The streaming era demands a never-ending parade of violent men — real or fictional — to terrify and titillate viewers in binge-worthy ways. Ted Bundy, one of the more prolific rapist-murderers of the 1970s serial killer boom, has finally gotten his turn. An upcoming biopic stars Zac Efron, and Netflix has unleashed a hit docuseries, Conversations With a Killer: The Ted Bundy Tapes, which offers an uncomfortably close-up analysis of the man himself.
But revulsion at his crimes has mingled with different, taboo feelings. That a young heartthrob like Efron was cast in the role has played into concerns that we’re now glorifying Bundy, and the pervasive horniness of Twitter prompted a surplus of “Ted Bundy lookin’ like a snack” commentary — an attitude Netflix was compelled to criticize.
This led to a still more shocking development. On Reddit’s r/braincels forum — a community where incels (“involuntarily celibate” young men) rail against the women who won’t fuck them and the guys who do get laid somehow — one dude made an actually salient point. “Lol this is exactly what Netflix wanted,” he wrote. He’s right! Nobody churning out content in this day and age can any longer be surprised at how eager people are to declare villains, monsters and creeps to be “hot.” These counterintuitive, ironically problematic takes are catnip for a jaded internet culture, and the debates around them drive trends in consumption. A concurrent Netflix phenomenon, the drama series You, spawned a slightly worrisome horndog fanbase for the show’s stalker-murderer, played by Penn Badgley — who, as it happens, slightly resembles Bundy.
But apart from their cynicism about Netflix’s promotional strategies, how exactly do the incel boys feel toward Ted Bundy? It’s… complicated.
Right now, with people semi-seriously discussing his attractiveness, they sound a bit jealous. To some, he’s a case study in the so-called “halo effect,” in that women are drawn to his looks despite any other red flags. “Women thought he was handsome, normal looking, and thought nothing of getting into his car,” one incel remarked. Another was critical of Bundy’s appearance but theorized that it was good enough to earn trust. “I think that this is more proof that you can ascend as long as you have a decent normie face and a good height,” he wrote. “Even if you spell it out for them, they will still go for Chad,” a third man commented — referring bitterly to the incels’ archetype of a desirable alpha male.
Oddly enough, the incels may buy too much into the popular media narratives of the Bundy saga — that it was his handsomeness, charisma and intelligence, a suite of alpha-guy qualities, that allowed him to kill at least 30 women before he was caught. The truth is Bundy’s societal privilege helped a lot more, and our concept of him as an embodiment of superhuman evil is just a myth. Bundy had nothing that plenty of self-described incels don’t. Moreover, his preferred method of abduction involved a put-on weakness that would place him in the incels’ “beta male” category: He’d wear a cast or walk with crutches, faking disability so as to seem like less of a threat.

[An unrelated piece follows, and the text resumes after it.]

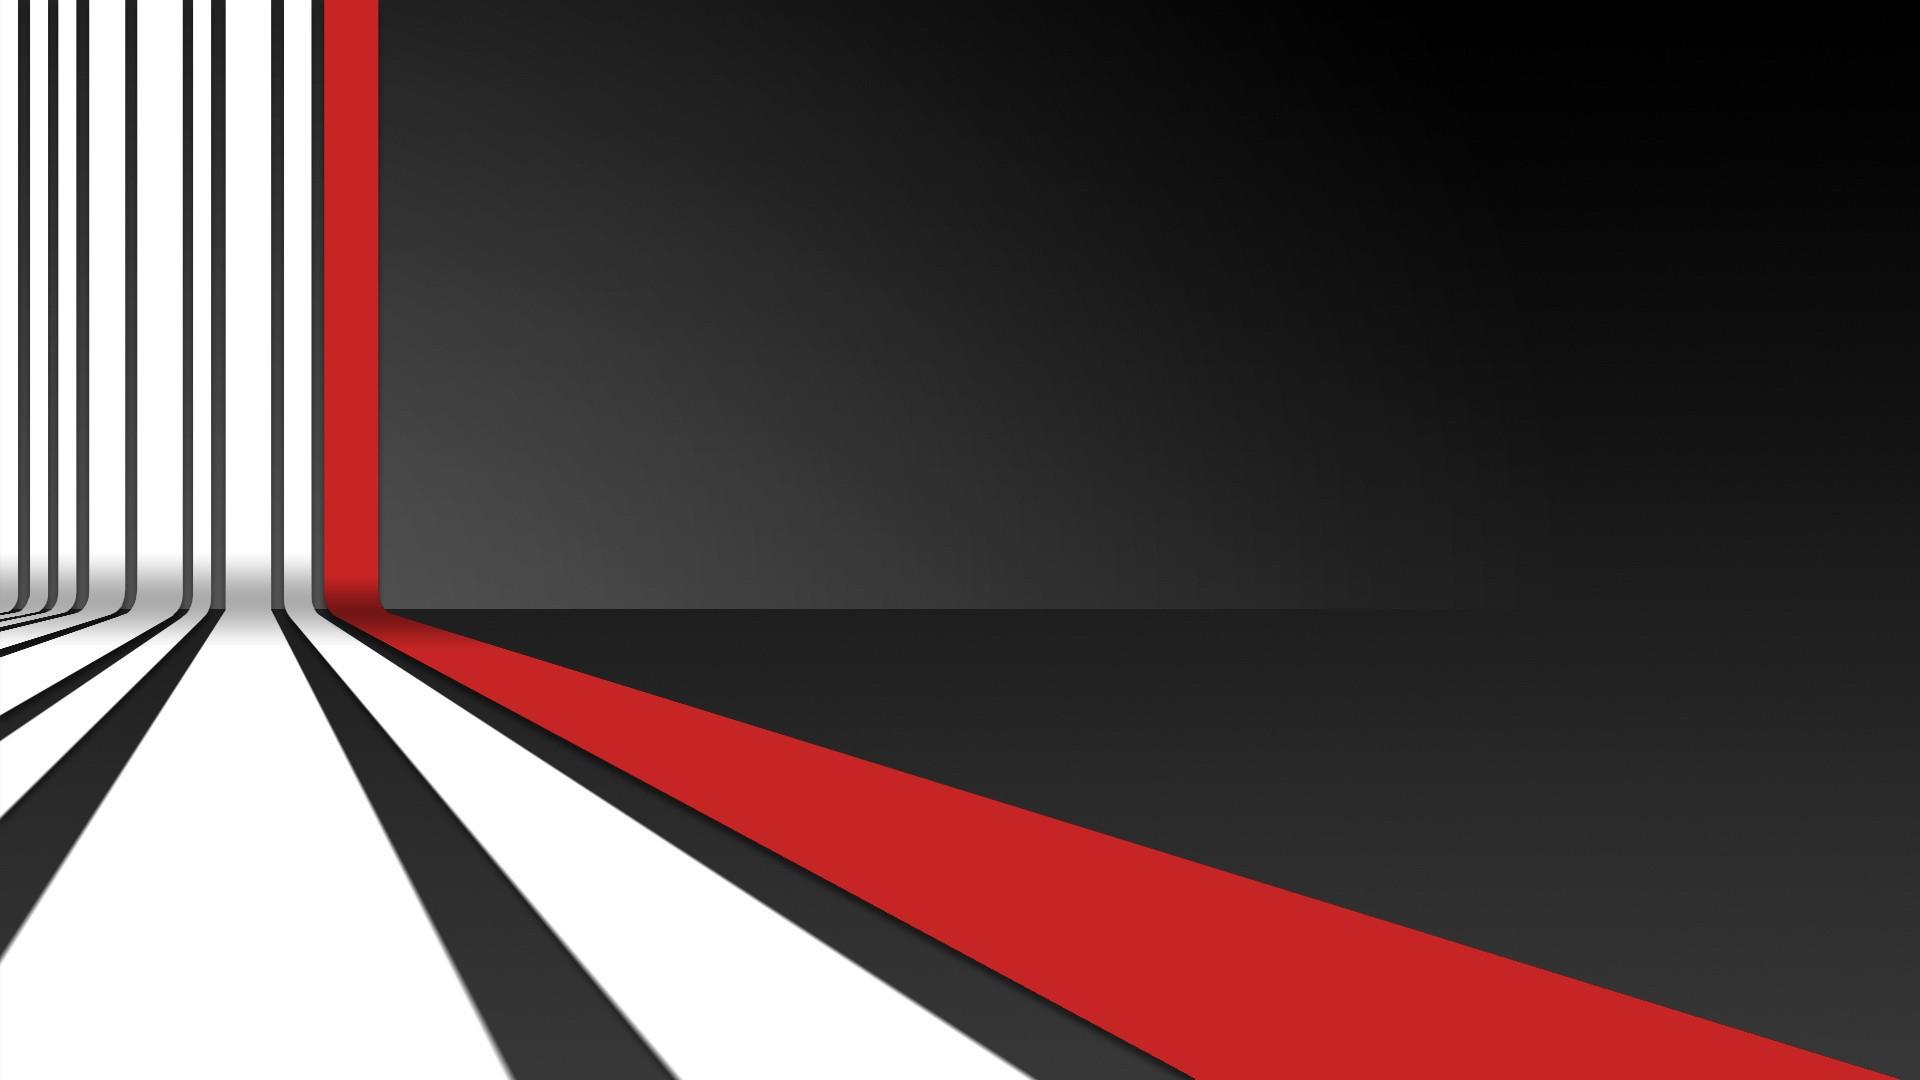 ed1c0dc9b6d Red Wallpaper 1920x1080 Abstract Red White Digital Art Black 1920x1080

All the same, the incels have managed to envy Bundy’s ability to get close to women and the attention he received from them once incarcerated — as if either exemplifies the kind of human connection they claim to want. Likewise, they take the recent horny tweets as literally as possible, when most are simply transgressive jokes. Bundy is long dead, anyway, and, even given the opportunity, very few people who know what he did would want to be alone with him. As with quite a few incel fixations, they’re choosing to get mad over something purely theoretical that has no bearing on their life whatsoever. They also like having “evidence” that women are irrational and unreliable judges of character, and tacitly blaming Bundy’s victims for their grisly fate is a reflexive gesture.
What’s even scarier is the guys who don’t moan about how good Ted had it, choosing instead to praise him as a hero. This is the logical extreme of the incel mindset — the extreme and violent misogyny that spurred Elliot Rodger’s murder spree in 2014 and last year’s deadly Toronto van attack, allegedly carried out by Alek Minassian. At this ideological stage, men have given up entirely on securing a sexual relationship for themselves and declared all women to be enemy combatants. “Imagine what we could accomplish if we had an army of Ted Bundys,” one incel has written. “All of womankind on the North American content would have been exterminated in a short period of time.”
Which goes to show, perhaps, that certain incels are happy to embrace a Chad, so long as he’s carrying out their agenda. A man who kidnaps, rapes, murders and dismembers women can be viewed as something higher than an oblivious alpha — he is an evolutionary corrective to a world in which women have attained a measure of agency and independence.
Let’s hope nobody on the edge takes inspiration from his story.